'''

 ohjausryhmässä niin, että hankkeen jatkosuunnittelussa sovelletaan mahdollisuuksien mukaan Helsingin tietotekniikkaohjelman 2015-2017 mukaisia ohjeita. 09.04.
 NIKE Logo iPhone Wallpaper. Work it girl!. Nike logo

'''
'''

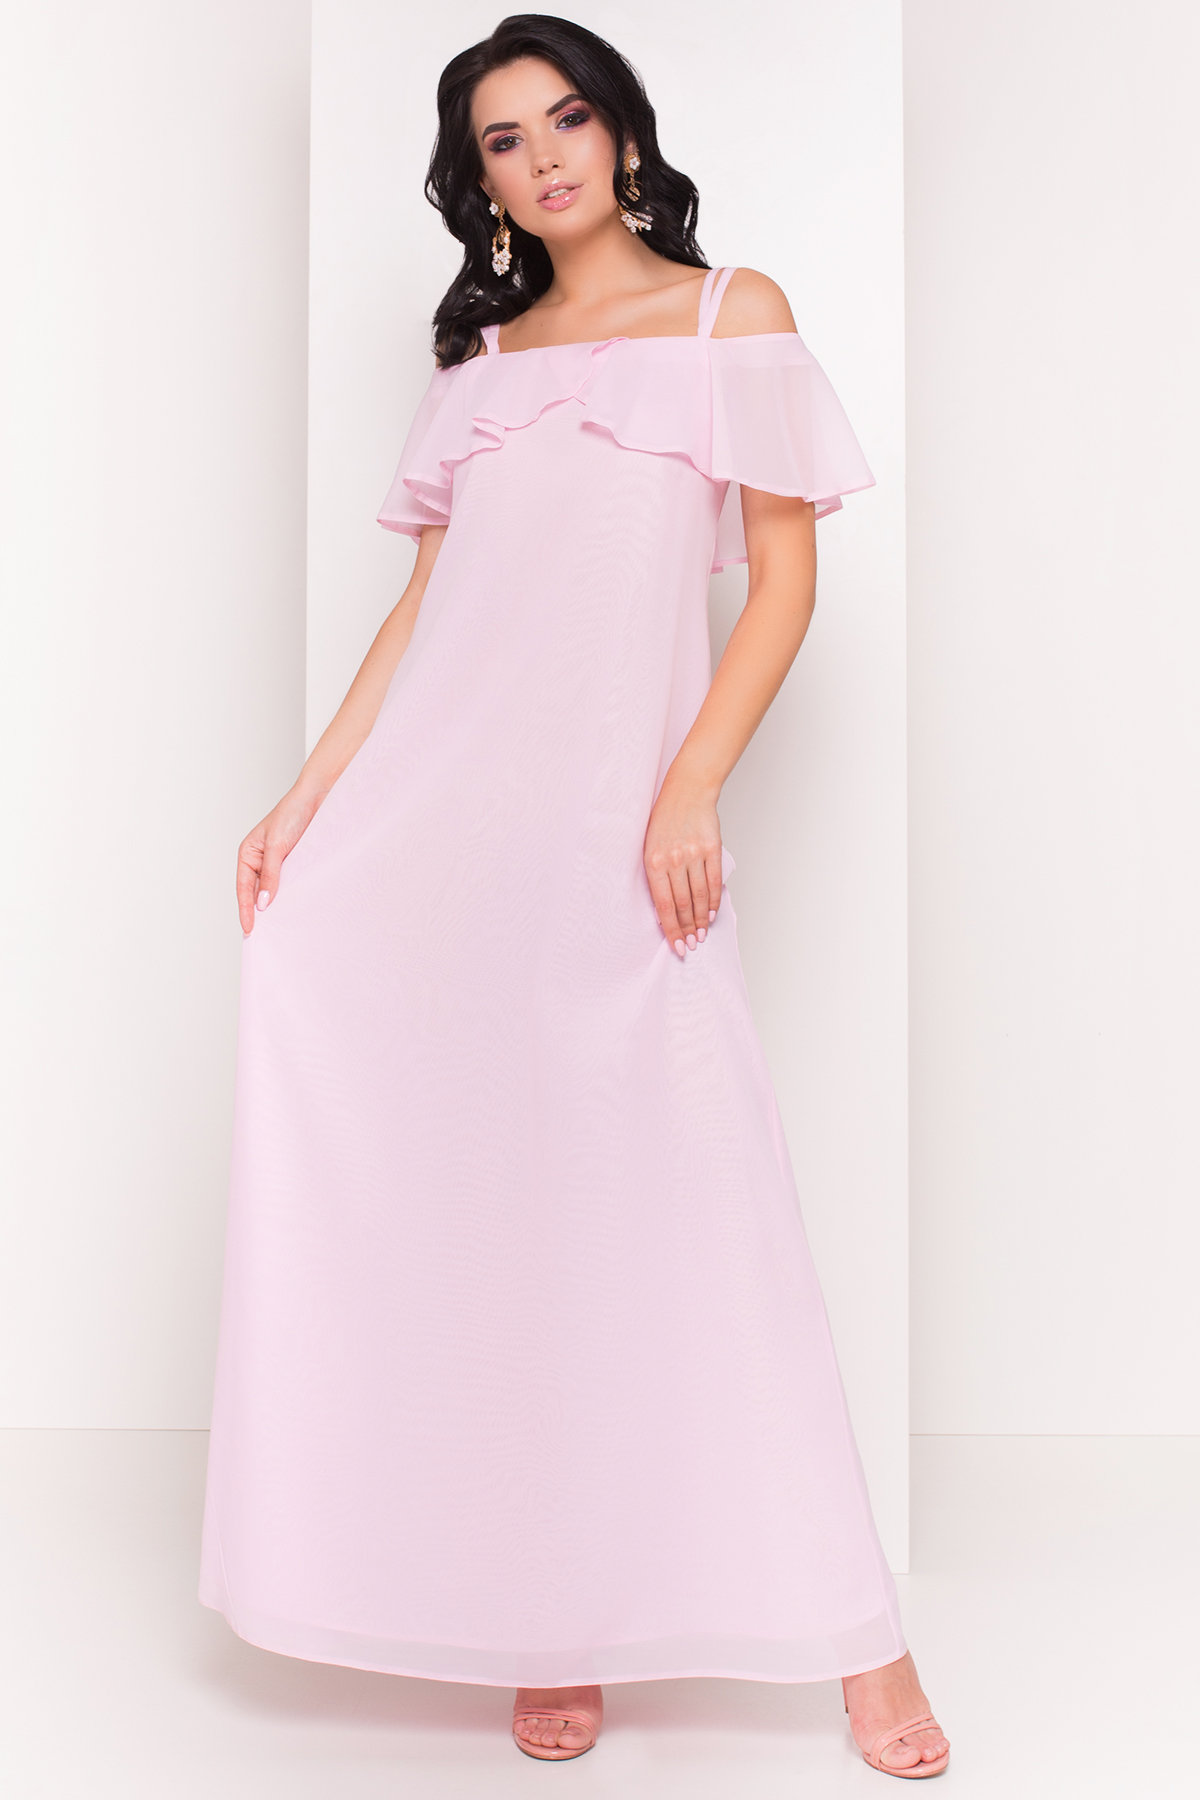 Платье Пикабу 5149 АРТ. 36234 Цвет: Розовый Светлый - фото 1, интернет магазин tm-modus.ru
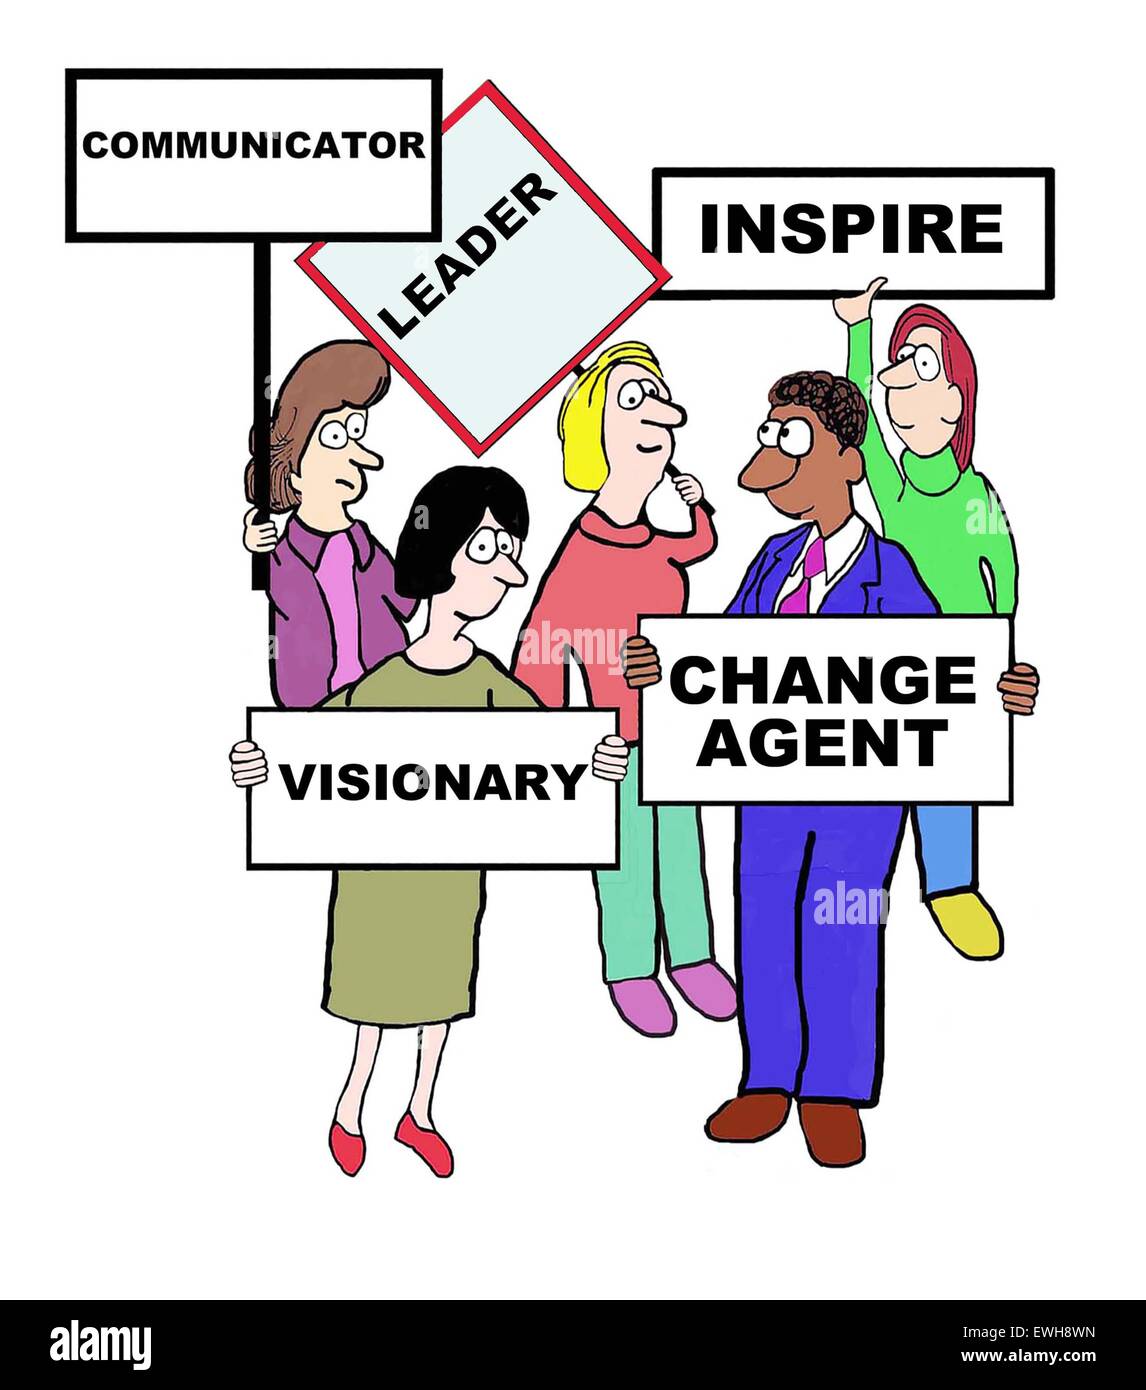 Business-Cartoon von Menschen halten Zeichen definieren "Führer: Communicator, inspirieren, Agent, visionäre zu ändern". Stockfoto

'''

__Task requirements__. Would you please repeat exactly the lines above, starting at the line with "ohjausryhmässä niin, että" and stopping at the line with "NIKE Logo iPhone", both included?

__Task response__.
 ohjausryhmässä niin, että hankkeen jatkosuunnittelussa sovelletaan mahdollisuuksien mukaan Helsingin tietotekniikkaohjelman 2015-2017 mukaisia ohjeita. 09.04.
 NIKE Logo iPhone Wallpaper. Work it girl!. Nike logo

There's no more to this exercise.